Riboflavin (vitamin B2) for the treatment of migraine headaches: an introduction

Riboflavin is a B vitamin that is essential for growth. Riboflavin, also known as Vitamin B2 or B2, can also be produced synthetically. It is often used as food coloring and to fortify foods including baby foods, cereals, and cheese. Riboflavin is destroyed by light, so food containing this vitamin shouldn’t be stored in clear containers.

Food containing Riboflavin

  • Milk
  • Asparagus
  • Broccoli
  • Turnip greens
  • Spinach
  • Eggs
  • Almonds
  • Yogurt
  • Cheese
  • Whole grains
  • Poultry
  • Lean meat

Riboflavin and migraines

Riboflavin supplements have been used for more than three decades as natural remedy for newborns with jaundice and ariboflavinosis (riboflavin vitamin deficiency). More recently, Riboflavin, in high doses, has been identified as a vitamin that can help migraine sufferers.

Riboflavin (Vitamin B2) and migraine headaches

Riboflavin is necessary for growth and for the production of red blood cells. Riboflavin also plays an important role in how our bodies gets energy from carbohydrates, fats, and proteins. Migraine sufferers may not have enough Vitamin B2. This makes Riboflavin a potential treatment option. Because migraines can be caused by many events in the body, Riboflavin is often used in combination with other migraine treatments.


Studies on Riboflavin and Migraines

One 1998 study of 80 patients who suffer from migraine with aura or migraine without aura found that 400 mg of Riboflavin worked better at preventing migraines than an inactive placebo pill. After three months, patients in the Riboflavin group experienced fewer migraines and deceased severity of migraines than those in the placebo group.
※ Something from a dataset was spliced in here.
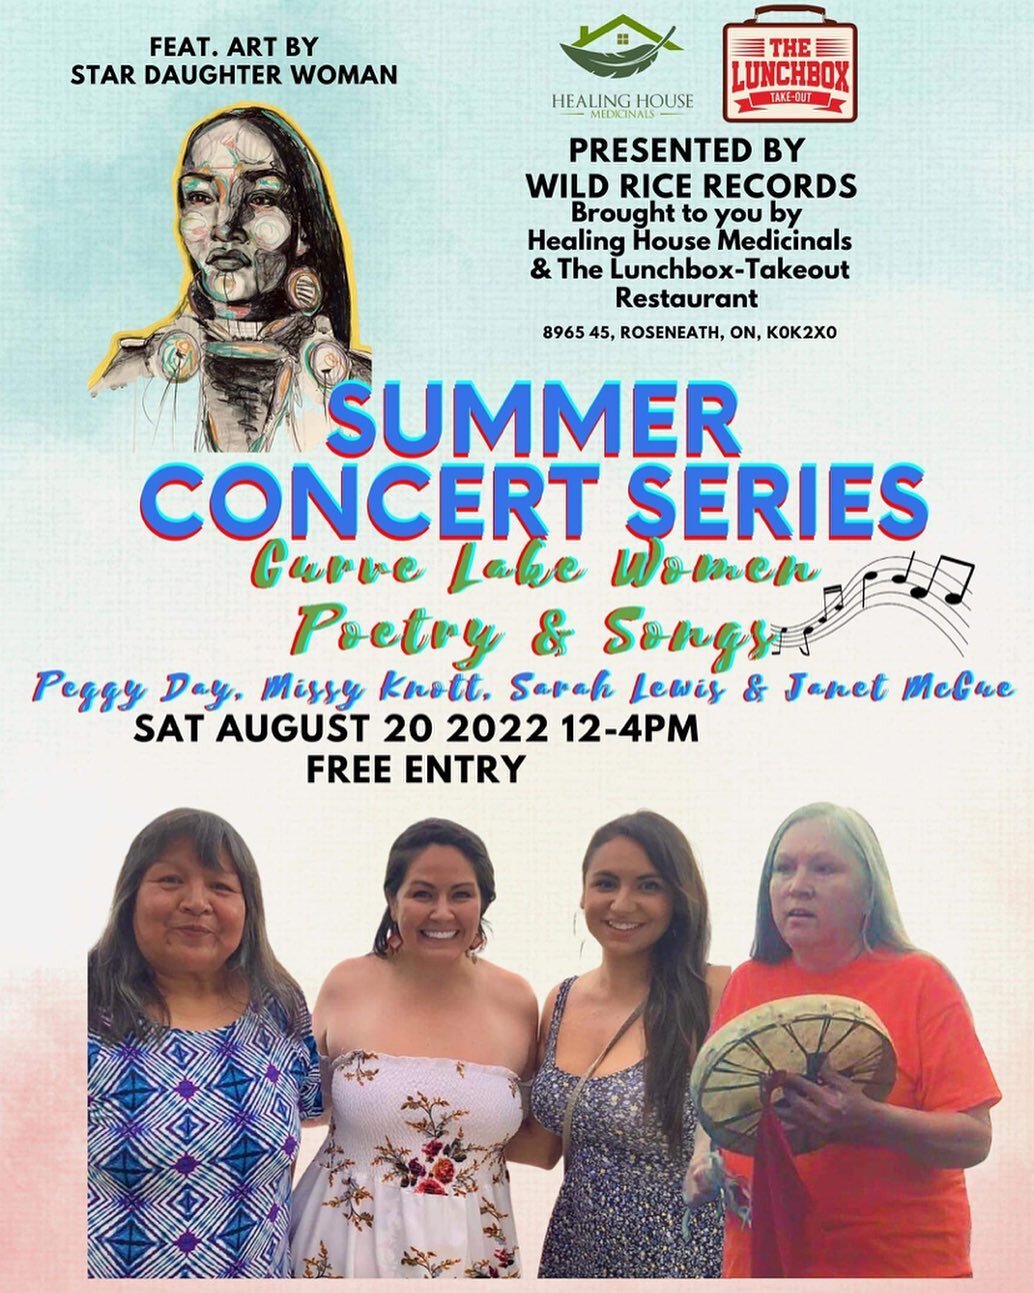 I&rsquo;m so lucky to be able to perform alongside such powerful Kwe&rsquo;s from our community&hearts;️. Curve Lake women rock. It&rsquo;s going to be a good one! I can&rsquo;t wait☺️ @wildricerecordsdotcom @healinghousemedicinals_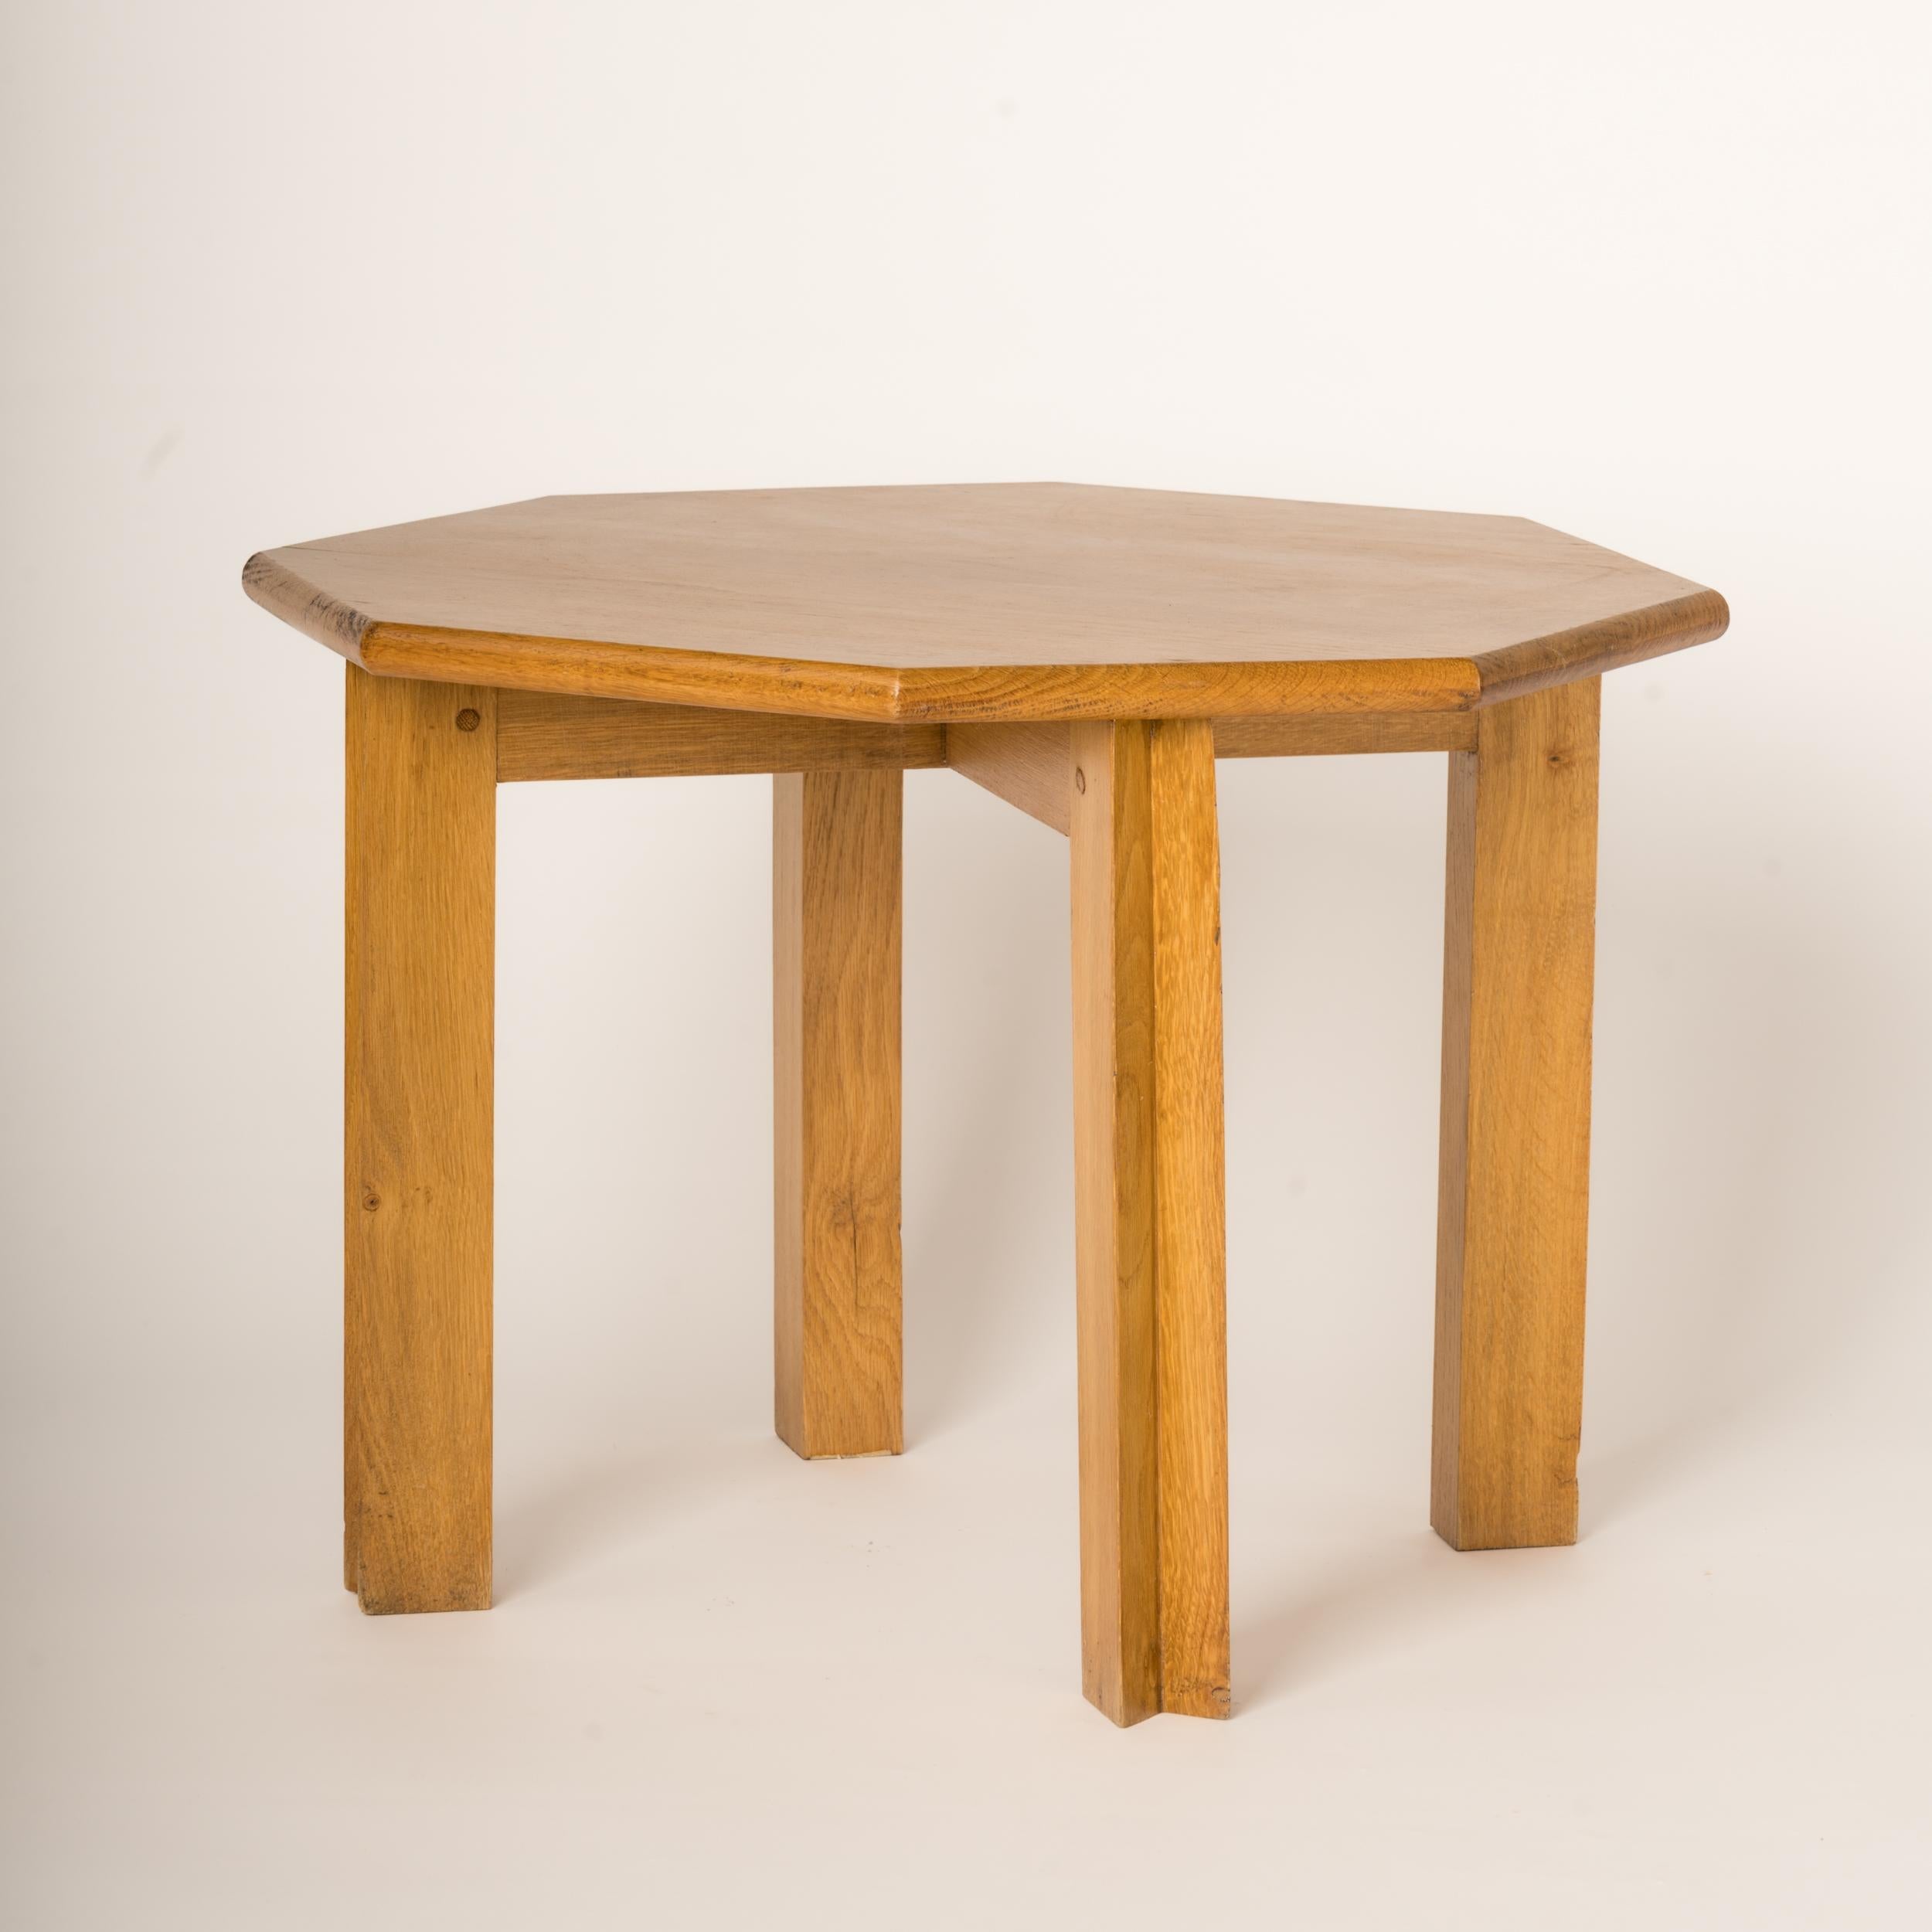 Late 20th Century Solid Oak Minimalist Side Table with Scultpted Legs, France, 1970's For Sale

Here’s a breakdown of how many patients benefitted:

  • Riboflavin cut the number of headache days at least in half : Riboflavin 50% , Placebo 15%

A 2004 study, which didn’t compare Riboflavin to a dummy placebo pill or any other treatment, found that patients who took 400 mg of Riboflavin daily experienced significantly fewer headaches and used fewer migraine pain killers or abortive medications for migraines. However, total headache hours and headache intensity did not change significantly. Here’s a summary:

  • Headache days per month : Before Riboflavin 4 days , After three months of Riboflavin 2 days
  • Pain killers used per month : Before Riboflavin 7 units , After three months of Riboflavin 4.5 units

Formulations of Riboflavin available

Riboflavin is available as:

  • Capsules
  • Tablets
  • Tablets, Enteric Coated

Riboflavin side effects and other precautions

Some people who take Riboflavin may notice that their urine becomes bright yellow. A small number of patients experience diarrhea and increased urine. There isn’t a large amount of side effect information available on Riboflavin as it relates to people with migraines. As with any natural remedy, prescription or over-the-counter treatment, you should first check with your doctor before taking Riboflavin to learn if it might interact with anything else you’re taking or learn if it will have a dangerous impact on any condition you have.

Who should not take Riboflavin

Always check with your doctor before taking Riboflavin. Because its use in migraine sufferers is relatively new, there isn’t a lot of information on warnings for the supplement.

People with cataracts shouldn’t take more than 10 mg of Riboflavin per day.

The effects of Riboflavin will likely be decreased if you smoke, drink alcoholic beverages, take tricyclic antidepressants, phenothiazines and probenecid antimalarial drugs.

Contraceptives can increase the breakdown of Riboflavin.

As always, the best source for advice on treating your migraines is your own migraine specialist. These descriptions of natural remedies are provided only for informational purposes. You should begin no medication or supplement without first checking with your physician. Again, this information should in no way substitute or be mistaken for medical advice.